> [YOUR ASSIGNMENT] Write out the entries below exactly, but only from the line containing "J.W. Anderson T-shirt With Logo - Black シャツ" through the line containing "A classic Volkswagem", and without the pictures.

> [DATA SUPPLIED]
***
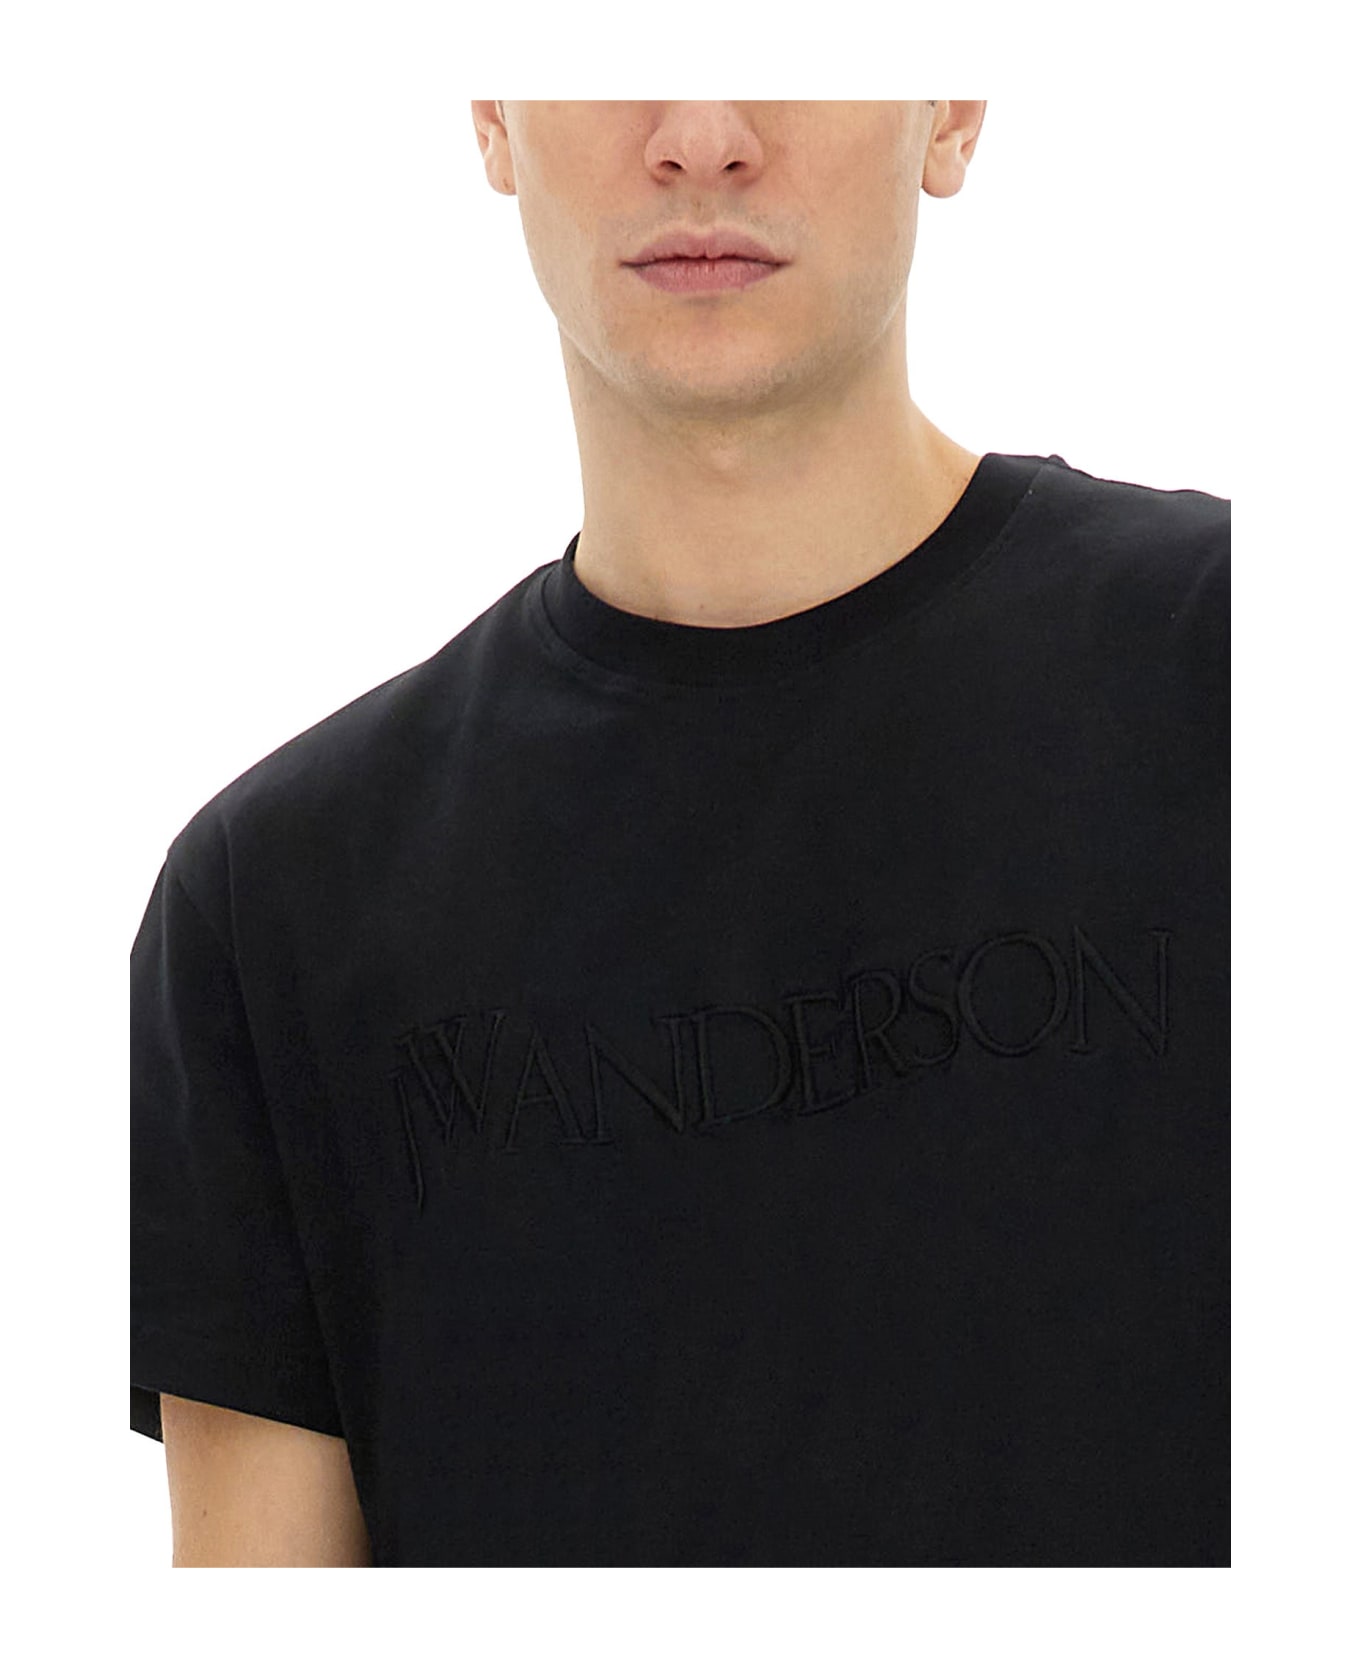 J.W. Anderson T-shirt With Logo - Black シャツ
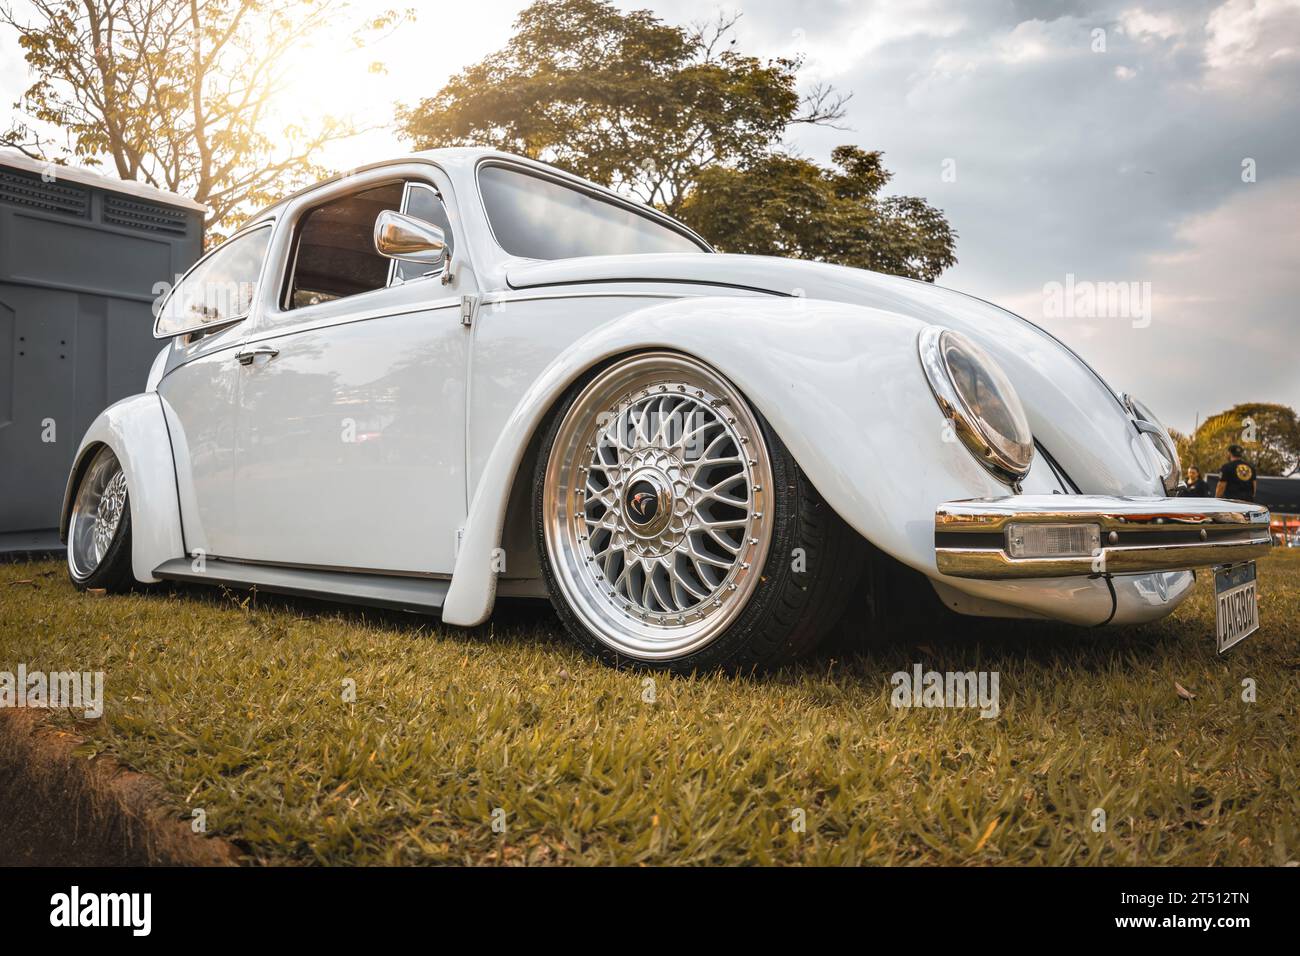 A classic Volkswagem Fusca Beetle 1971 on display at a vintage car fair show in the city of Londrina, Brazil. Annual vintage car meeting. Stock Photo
***
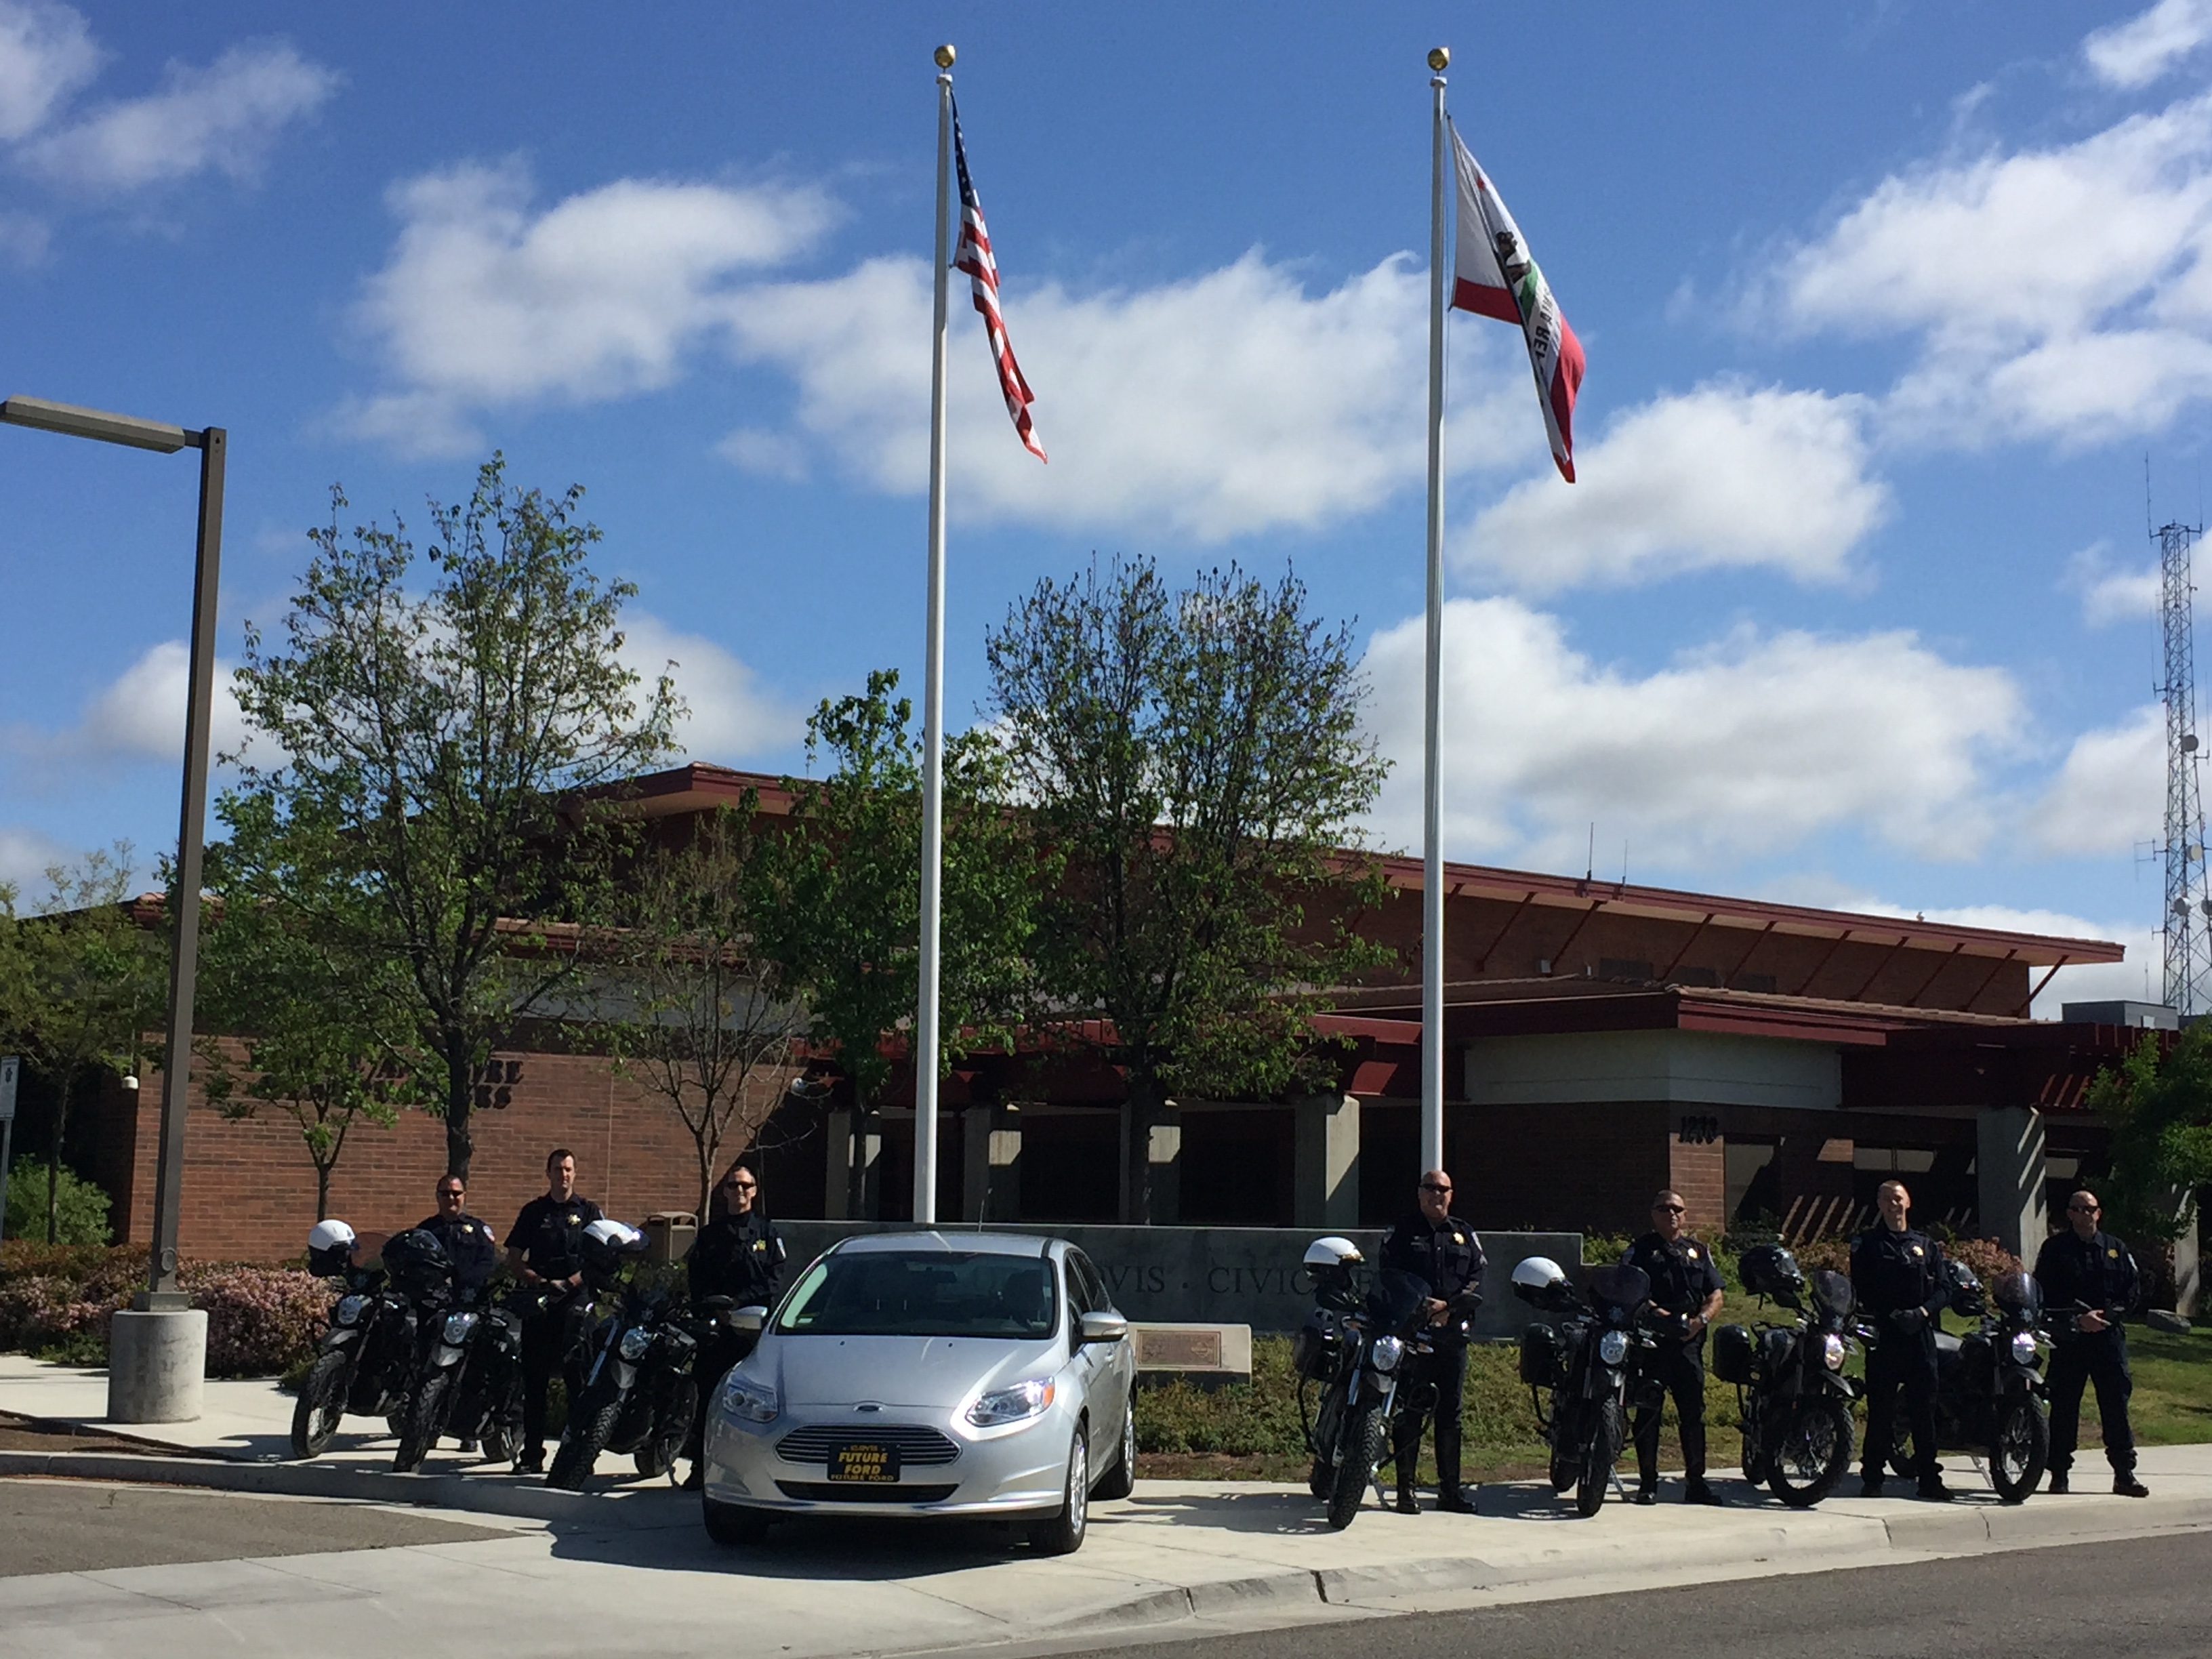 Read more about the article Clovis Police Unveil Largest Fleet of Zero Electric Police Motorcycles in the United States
***
> [SOLUTION]
 J.W. Anderson T-shirt With Logo - Black シャツ
 A classic Volkswagem Fusca Beetle 1971 on display at a vintage car fair show in the city of Londrina, Brazil. Annual vintage car meeting. Stock Photo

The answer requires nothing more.